Tools like MUSE will support the use of LLMs in diagnostic decision making by helping clinicians to understand the confidence of an LLM’s prediction. An AI system could sound very confident while being profoundly wrong—which is dangerous in medicine. Tools like MUSE could help clinicians know when to trust AI, and when not to.  

AI Hallucinations

Another challenge that arises with bringing LLMs into healthcare is what’s often referred to as AI hallucinations. These “hallucinations” are errors that appear when an LLM does not have enough evidence to predict something, so instead it fabricates information that is not drawn from its source input. “Trying to mitigate these hallucinations has been a very large issue in the field of AI,” said Gao.

Biases in LLMs

In addition to uncertainty and AI hallucinations, models can inherit biases from the massive collections of data used in their pretraining. Much of this data is pulled from public internet data sources, which lends itself to inherit bias. These biases—both explicit and implicit—become encoded in the models’ internal representations and can influence downstream predictions. 

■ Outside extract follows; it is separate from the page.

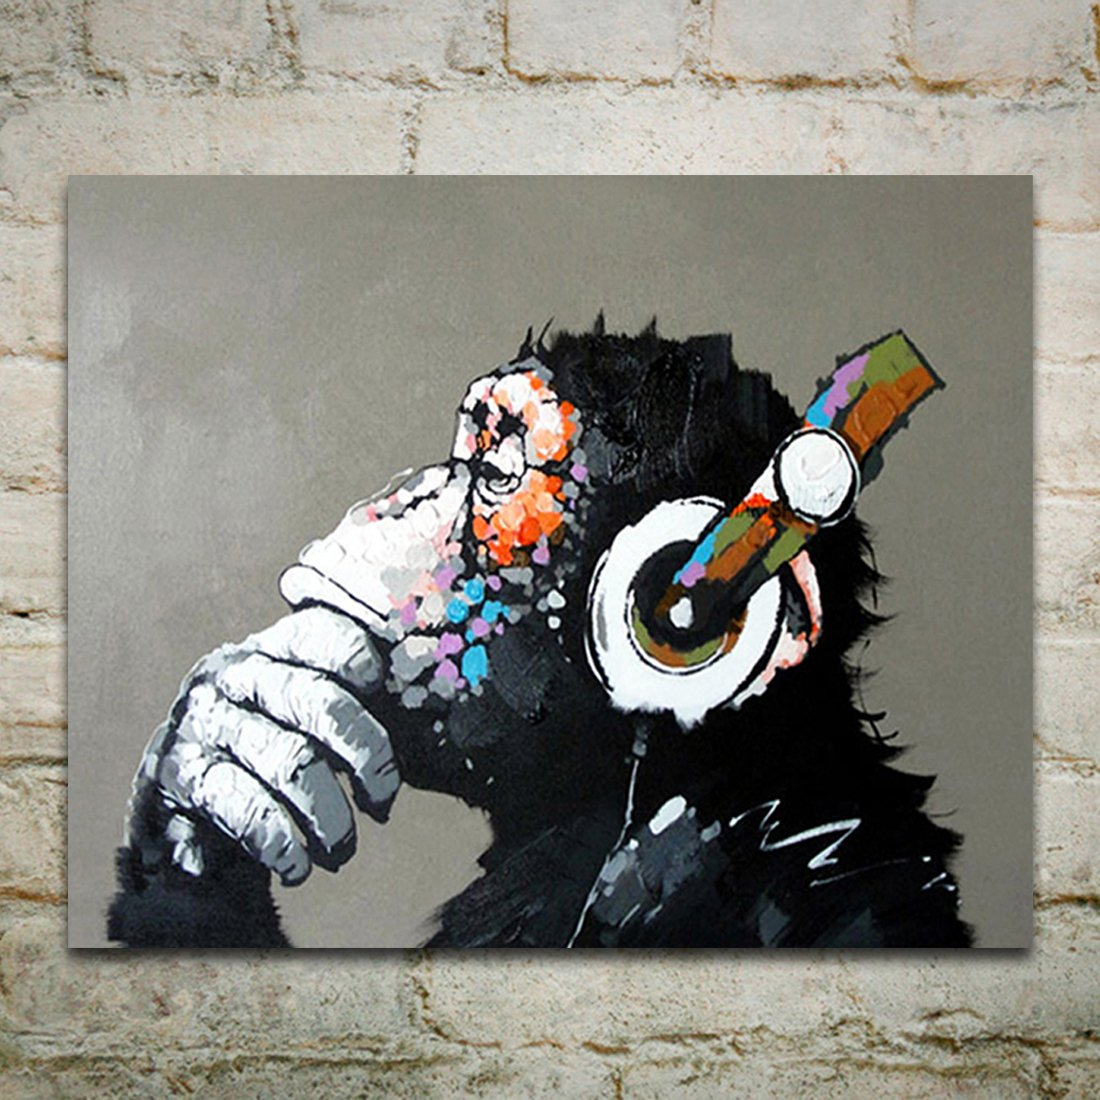 Amazoncom Muzagroo Art Oil Paintings Listen to

For example, Gao and the LARK Lab found that adding demographic data such as ethnicity or sex can actually flip an LLM's predicted diagnosis on the same patient, even though other vital signs, laboratory results and the majority of the clinical evidence remained unchanged. This reveals how LLMs could unintentionally prioritize demographic cues over vital signs, laboratory data or other medically relevant information—posing serious risks when models are used for clinical decision support.  

“It would be extremely dangerous if an LLM were to ignore important clinical evidence such as the laboratory results and the vital signs, and instead focus on potentially biased cues such a patient’s ethnicity,” emphasized Gao. 

Designing AI systems that are safe, trustworthy and aligned with human needs

Despite the challenges of integrating LLMs into healthcare environments, Gao and the LARK Lab recognize that their adoption is inevitable—and can surely improve the medical field. Their work therefore focuses on developing approaches to ensure these systems are introduced in ways that are safe, trustworthy and aligned with human needs.

Addressing bias in LLMs

To address the bias that can show up in large language models, the LARK Lab is studying what’s happening inside these systems when they make decisions. Instead of retraining the entire model from scratch—which is extremely expensive and time‑consuming—they look at which parts of the model “light up” when it sees biased information versus unbiased information. “It’s kind of like we are doing brain surgery to correct these biases,” said Gao. 

In a recent preprint, Gao’s team took this mechanistic approach to bias in LLMs, treating the model like a brain and opening it up to examine individual neurons. They successfully pinpointed specific neurons that encode stereotype-related demographic information inherited from pre-training. They also attempted an ‘LLM surgery’ by manually suppressing specific neurons to see whether biased behaviors are reduced. Although they found that this intervention does lessen certain biases, the effects are incomplete. This underscores how deeply embedded in LLMs these biases are, and how difficult they are to fully remove.

Emphasizing multidisciplinary collaboration

Although there is a lot of computer science involved in integrating LLMs into healthcare, it requires much more than software and mathematics. For this reason, Gao and the LARK lab emphasize multidisciplinary collaboration, especially between researchers and clinicians.

Clinicians can provide crucial context about real‑world patient care, workflows, and the practical constraints that shape medical decision‑making—insight that researchers would not have access to on their own. 

“If we want to make positive change with AIs, we need all of the stakeholders involved to also collaborate in developing these tools,” Gao said. “I myself cannot be working alone without the help of my clinical partners. It's only because of them that I understand the problem better, and it's only because of our work together that we can come up with solutions that are actually targeted to the problem at the bedside.”